7. The unmanned aerial vehicle of claim 5, wherein the lidar unit and the IMU inertial unit are integrated into a frame, the lidar unit is located in front of the unmanned aerial vehicle body, and the binocular camera unit is located above the lidar.

8. The unmanned aerial vehicle for automatically switching navigation systems according to claim 6, wherein the laser SLAM system further comprises a laser system map updating module and a global map fusion module, wherein the laser system map updating module is used for updating map information in the unmanned aerial vehicle according to pose information updated by the laser SLAM system in real time, and the global map fusion module is used for fusing local map information of all local laser SLAM systems to generate a global three-dimensional map.

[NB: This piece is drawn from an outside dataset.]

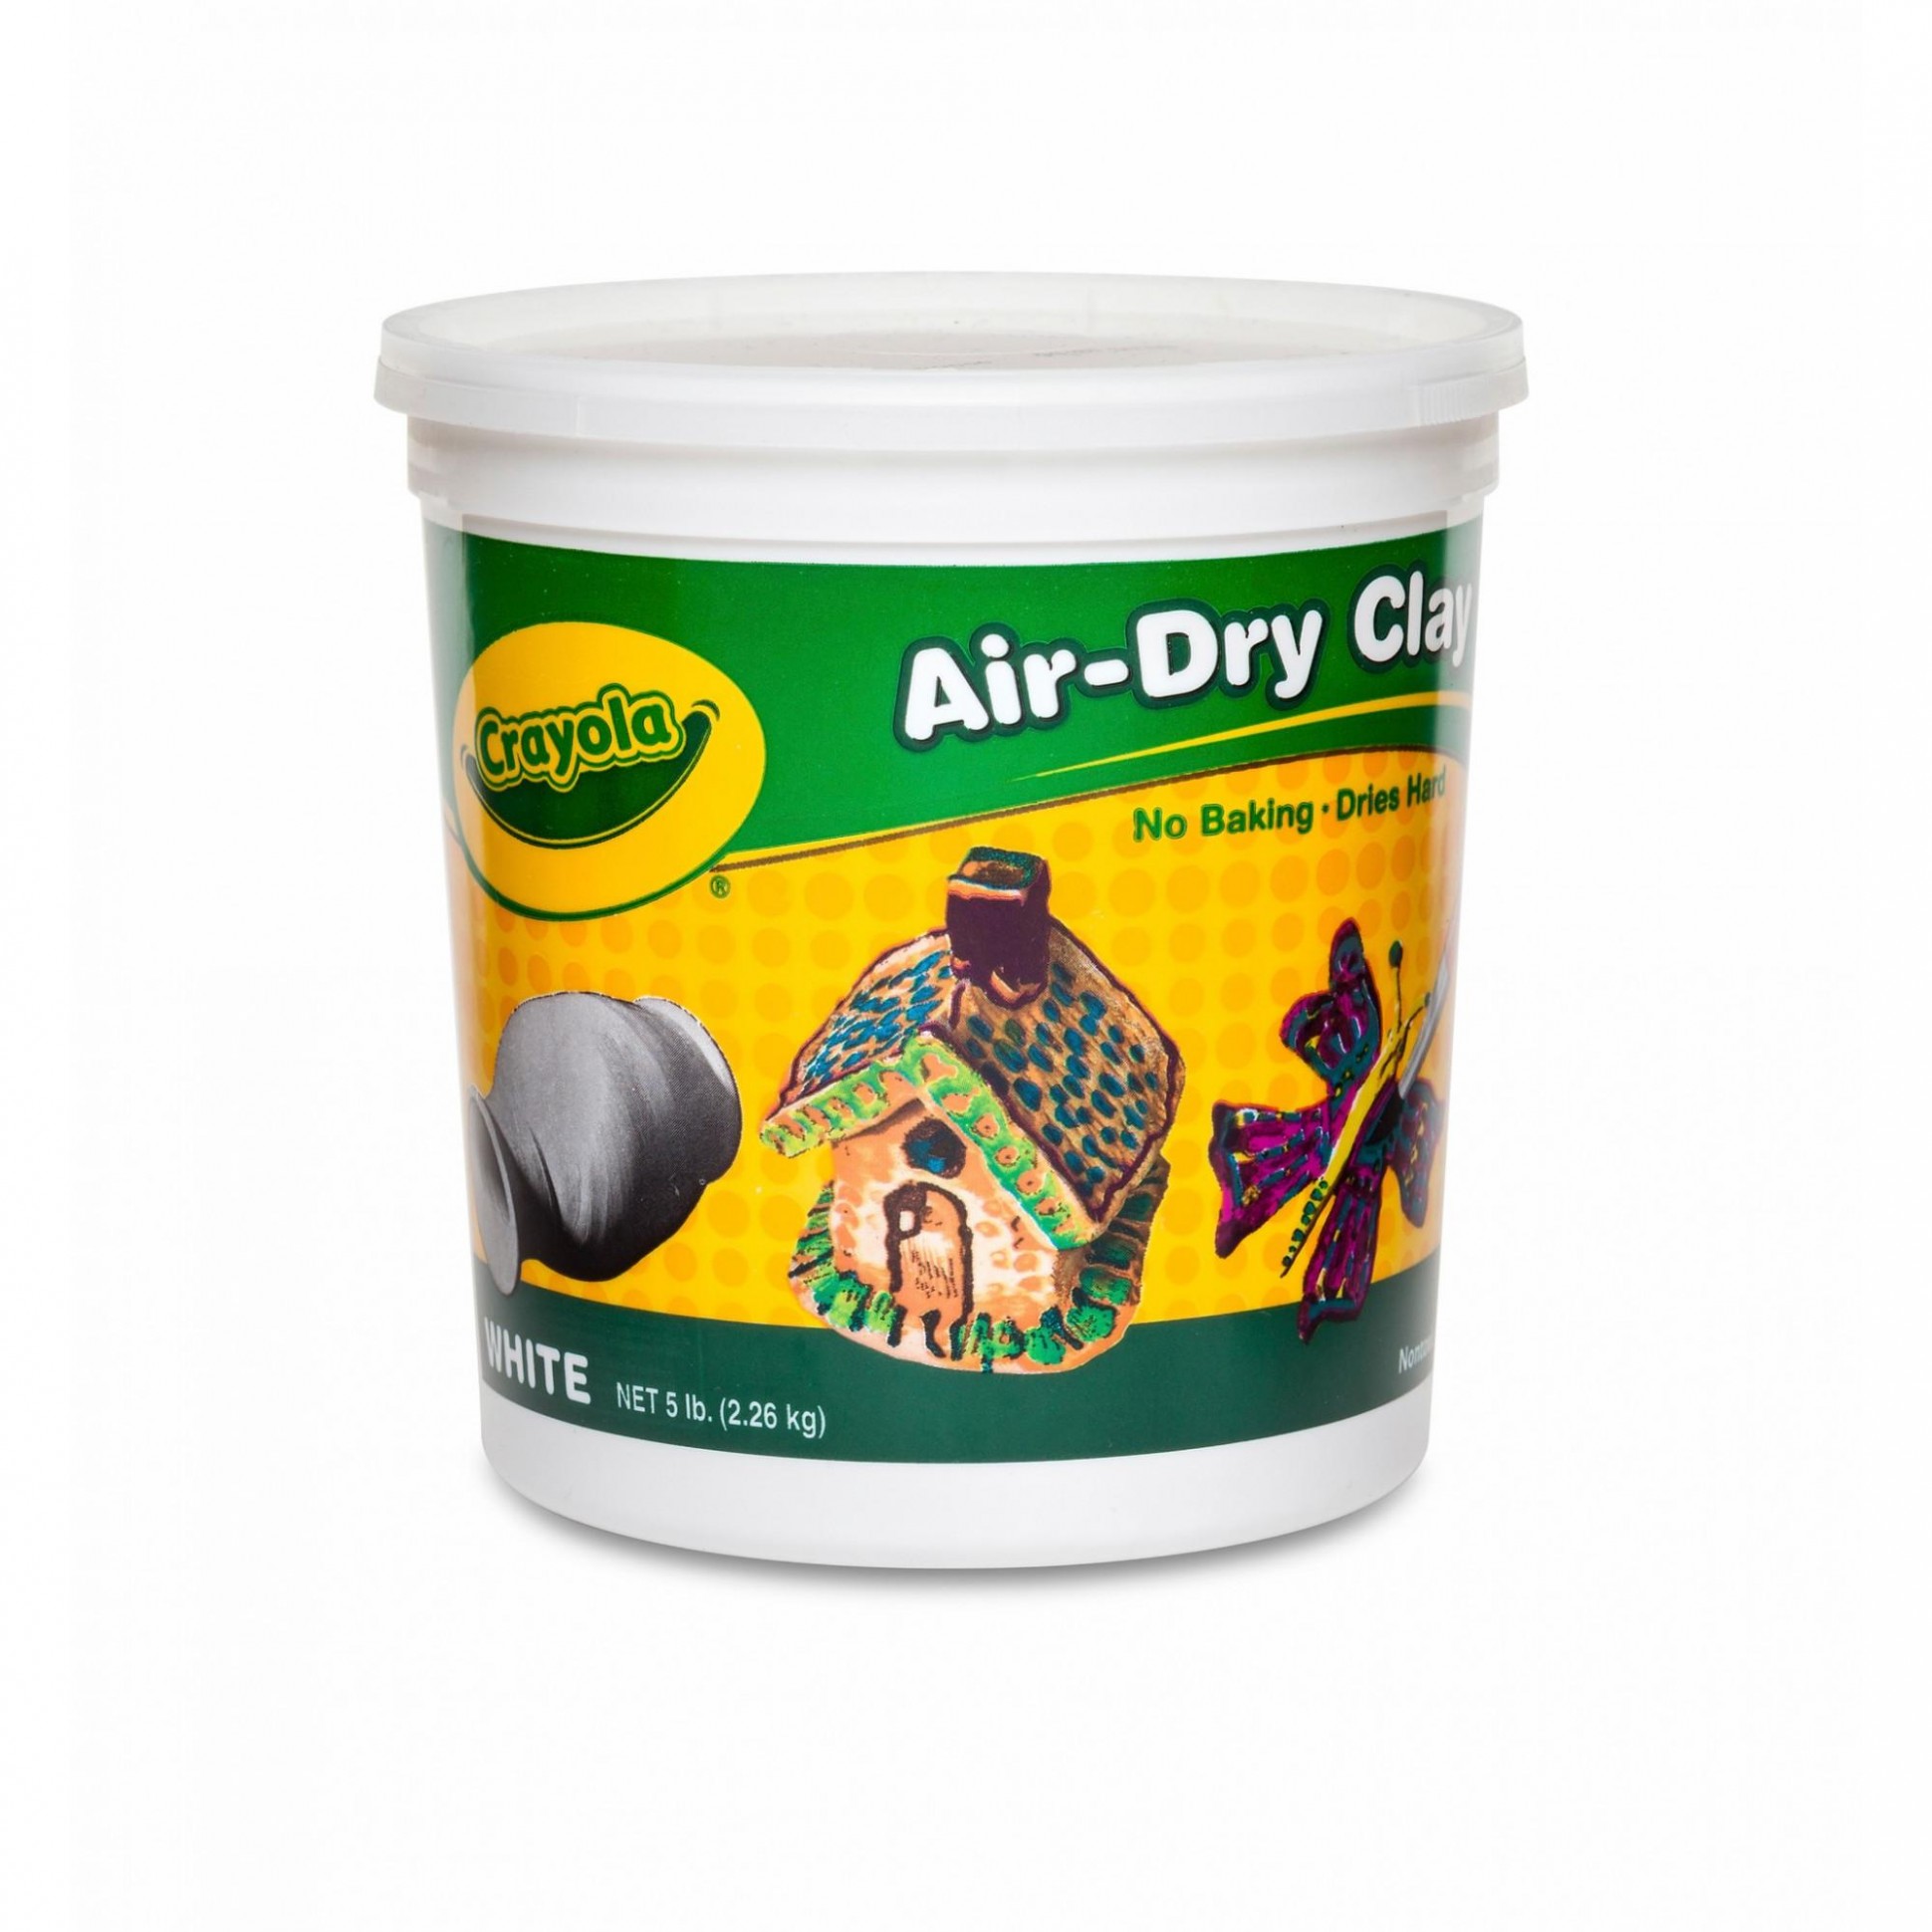 Crayola Air Dry Clay Bucket, No Bake Clay For Kids, 9lbs, White ..

9. The unmanned aerial vehicle for automatically switching navigation systems of claim 8, wherein the visual SLAM system further comprises a visual system map updating module for updating map information in the visual SLAM system according to the pose information of the unmanned aerial vehicle updated in real time by the visual SLAM system.

10. The unmanned aerial vehicle of the automatic switching navigation system of claim 9, further comprising a multi-sensor fusion module for fusing the unmanned aerial vehicle pose motion information obtained by the laser SLAM system, the unmanned aerial vehicle pose motion information obtained by the visual SLAM system, and the updated global three-dimensional map information to obtain optimized unmanned aerial vehicle pose motion information; and when external GPS and/or RTK signals exist, the GPS and/or RTK information is fused at the same time, and pose movement information of the unmanned aerial vehicle with the earth coordinate system is obtained.